Два студента, с коротенькими трубочками в зубах, пыхнули дымом под нос двум дрожавшим от сырости гризеткам и, взявшись под руки, запели:
Рабочий с добродушным лицом присвистнул начало припева, и толпа вдруг разошлась, напевая:
Больше никто не говорит уже о С. Только Режина, когда я ей принес, в 5 часов, новые чулочки, сказала мне: «А знаешь ты, какая хорошенькая мадам С. в трауре?»
— А она приехала?
— О да. Я уж ей сшила черный чепчик.
— И что тебе заплатили?
— Франк четыре су.
— И за чепчик, и за твои чулки.
— О какой ты смешной! Кто же мне будет платить за мои чулки? И разве я возьму?
— Да ведь мадам С. буржуа, у нее есть свой погреб, а у тебя даже нет камина в твоей комнатке.
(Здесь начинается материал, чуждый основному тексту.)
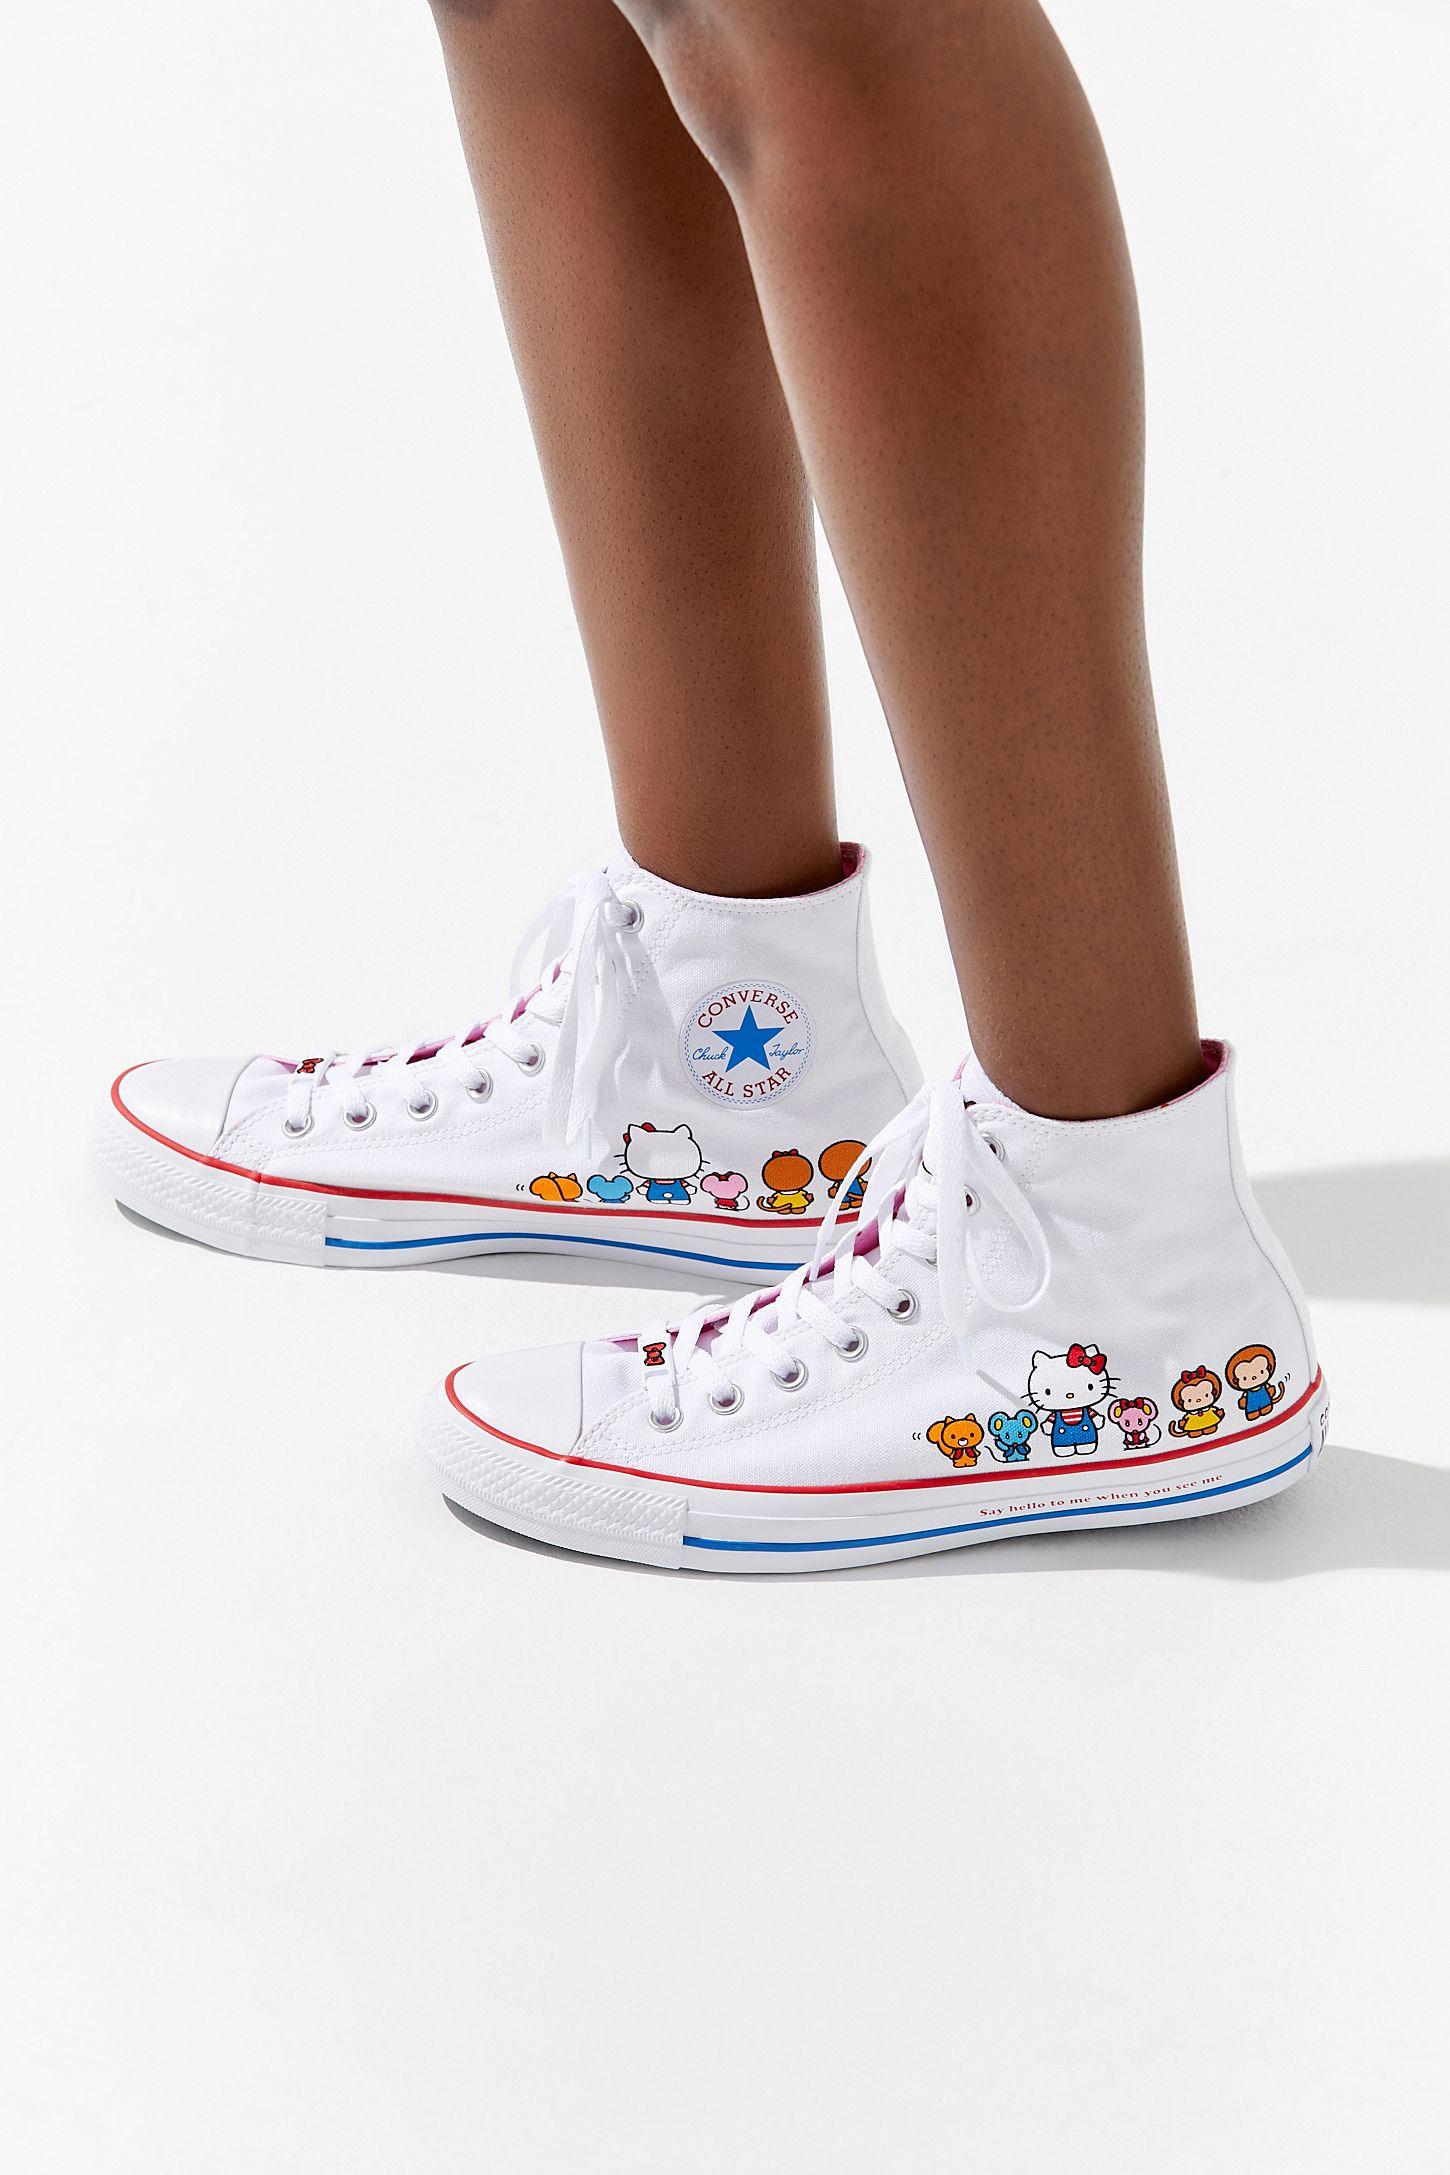 3b4eeb9544b6 Converse X Hello Kitty Chuck Taylor All Star High Top Sneaker ...

— Э! мой друг! — сказала, вздохнув, Режина. — У меня холодно, у меня нет денег, чтобы нанять комнату с камином; но я еще довольно богата, чтобы купить себе жаровню и на три су самого едкого угля. Только я тогда буду черная, точно негритянка. Ты меня испугаешься, да? не поцелуешь меня? да? Ах, какие славные чулочки! Благодарю, благодарю. Пойдем сегодня, после обеда, в Водевиль.
— С какой это радости?
— Так, пойдем.
— Ну, пойдем так.
Мадам Пергон всех смешит, и все хохочут. С Режиной чуть не делается дурно от смеха. Я нахожу это неприличным, а она находит неприличным, что я не смеюсь. Возвращаясь домой и проходя мимо окна С., мы увидели свет.
— Это свечи около С.
— Ох да, — отвечала Режина. — Не знаю, вот Селины нет три дня. Нужно бы завтра сходить в Морг.[3]
— О! о! о! малютка Режина! Вы все мокры, вас измочил дождь, — говорит моя приветливая старушка. — Идите к огню скорей.
— А! у него есть огонь. Огонь! огонь! огонь, — весело кричит Режина и, подвинув к камину кресла, греет перед ярким огнем свои мокрые ножки в новых чулочках и сердится, что я пишу на каком-то дурацком языке.
О, как хорошо жить в Париже!
6-го февраля 1863 года.
Paris, rue de I'École de Médecine
2
(Пер. с франц. М. Тростникова)
3
«Морг» — дом, в котором выставляют тела, находимые в Сене, для того, чтобы их могли признать родственники или знакомые. «Морг» обыкновенно полон народом и особенно женщинами.